The second difficulty concerns simulation at high Reynolds number, which makes the multi-client-mono-serve DRL not practical, since a single simulation already requires a significant amount of computing resource. To overcome this difficulty, initially, the DRL agent will be trained using the data collected from the much cheaper simulations at low $Re_D$, and then the neural networks will be used in the simulation at high $Re_D$, while the network parameters will be re-trained using the new data.
3. Results and discussion
In order to demonstrate the feasibility of using transfer learning (TL) in DRL for active flow control, we consider three different tasks, in which the states, actions and reward functions, corresponding to each task, are given as follows:
(i) Task 1. Minimizing $C_D$: two states, $C_D$ and $C_L$; two independent actions, $\epsilon _1$ and $\epsilon _2$; reward function, $r=-{\rm sign}(C_D) C_D^2-0.1 C_L^2$.
(ii) Task 2. Maximization of the system power gain efficiency: four states, $C_D$, $C_L$, $C_{f,1}$ and $C_{f,2}$; one action, $\epsilon _1 = -\epsilon _2$; reward function $r=-\eta$, where
(3.1)\begin{equation} \eta=|C_D|+\frac{{\rm \pi} d}{D}(|\epsilon_1|^3 C_{f,1}+|\epsilon_2|^3 C_{f,2}) \epsilon_{{max}}^3. \end{equation}(iii) Task 3: maximization of the system power gain efficiency: sates and reward functions are the same as those in task 2; two independent actions, $\epsilon _1$ and $\epsilon _2$.
3.1. Learning from scratch at low $Re$
We start DRL for task 1 from scratch with $\epsilon _{max}=5$, in a three-dimensional simulation of flow at $Re_D = 500$. Before presenting the results, we explain why $\epsilon _{max}=5$ is chosen. As shown in our previous study (Fan et al. Reference Fan, Yang, Wang, Triantafyllou and Karniadaki2020), $\overline {C_D}$ decreases with $\epsilon _{max}$, which implies that the generated state variables ($C_D, C_L$) will be located in a wider range with increasing $\epsilon _{max}$. In order to enhance the generalization of the neural networks, it is beneficial to experience the training data in a wider range before transferring to a more challenging task.
Figure 2 shows the evolution of $\epsilon _1$, $\epsilon _2$, $C_D$ and $C_L$, as well as the variation of the vortex shedding pattern due to active control by DRL at $Re_D=500$. Initially (for 40 episodes approximately), DRL knows very little on how to minimize $C_D$; small values of $\epsilon _1$, $\epsilon _2$ are provided by DRL, thus the control cylinders have a small effect on the flow, hence regular vortex shedding pattern can be observed, as shown by figures 2(A-i) and 2(A-ii). However, around the 40th episode, DRL has figured out the correct rotation direction to reduce $C_D$, and the wake patterns are now hairpin vortices emanating from the gap between the control and main cylinder.
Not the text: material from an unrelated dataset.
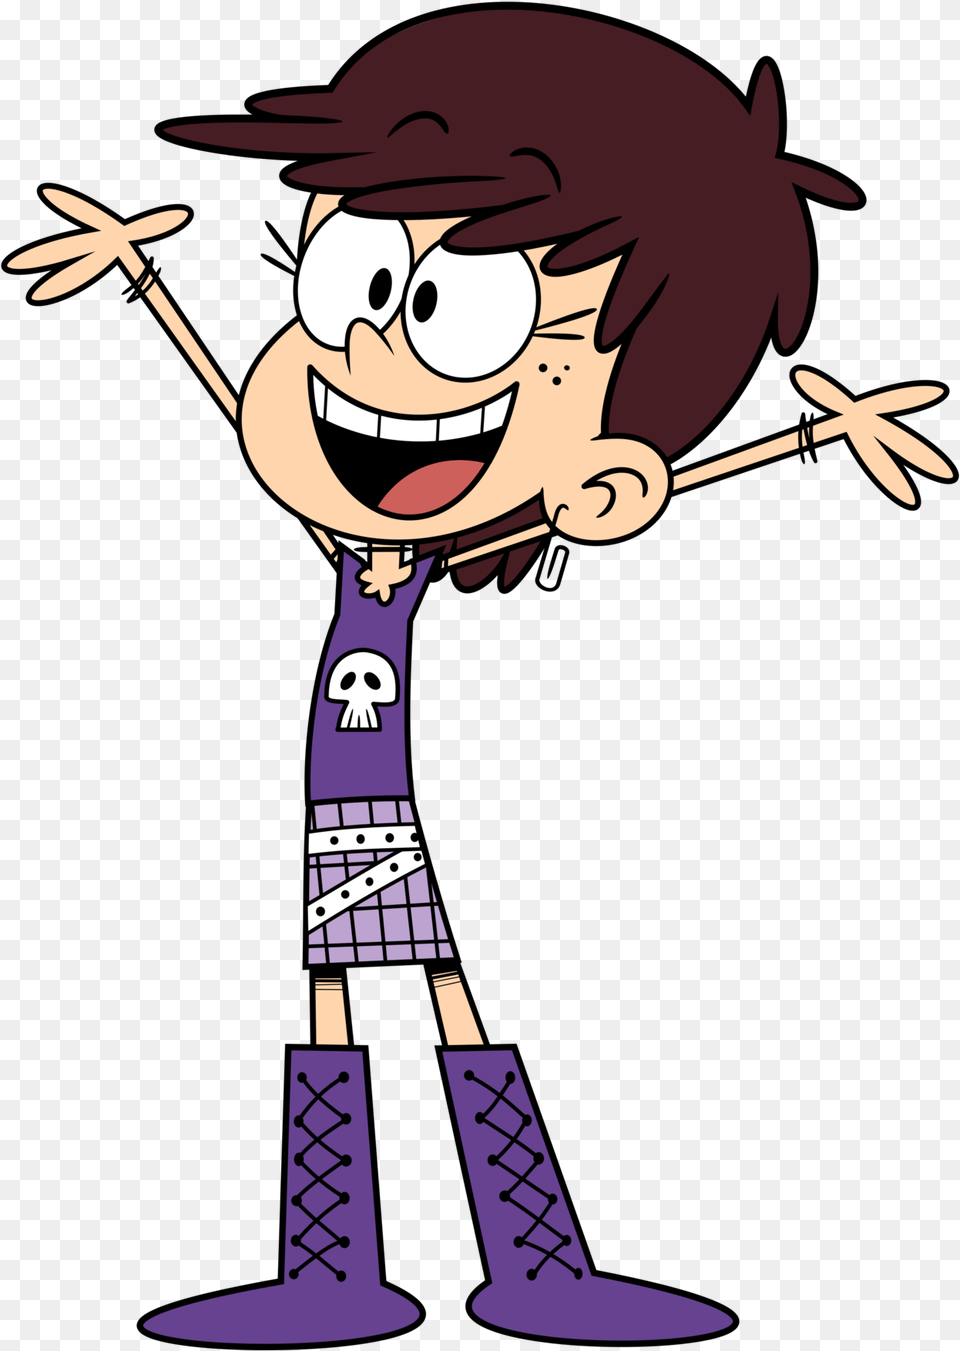 Image Result For The Loud House Season Luna From The Loud House, Cartoon, Book, Comics, Publication Free Transparent Png

At this stage, $\epsilon _1 \neq \epsilon _2$, and the wake behind the main cylinder is not symmetric, which gives rise to a large $C_L$, as shown in figures 2(B-i) and 2(B-ii). Around the 110th episode, DRL finally identified the best rotation speed to minimize $C_D$, and, correspondingly, the vortex shedding from the main cylinder has been eliminated.
To sum up, when DRL networks are initialized randomly, the DRL agent can gradually manage to learn the optimal policy. The learning process has lasted for more than 100 episodes, and the generated training data, $C_D$ and $C_L$, are roughly in the ranges $[-0.1, 2.0]$ and $[-1.5, 1.0]$, respectively.
3.2. Transfer learning from low $Re$ to high $Re$
In the previous subsection, we have demonstrated that, for the flow at low Reynolds number, although the training data from the simulation are noise free, it still takes DRL to go through 100 episodes, i.e. 1000 data points, to discover the right policy. Hence, DRL from scratch is impractical to apply to flow at high $Re$, since it will tax the computational resources heavily as it will take much longer to generate the training data. In order to use the data more efficiently and reduce the overall computing time, we employ a TL approach at high $Re_D$.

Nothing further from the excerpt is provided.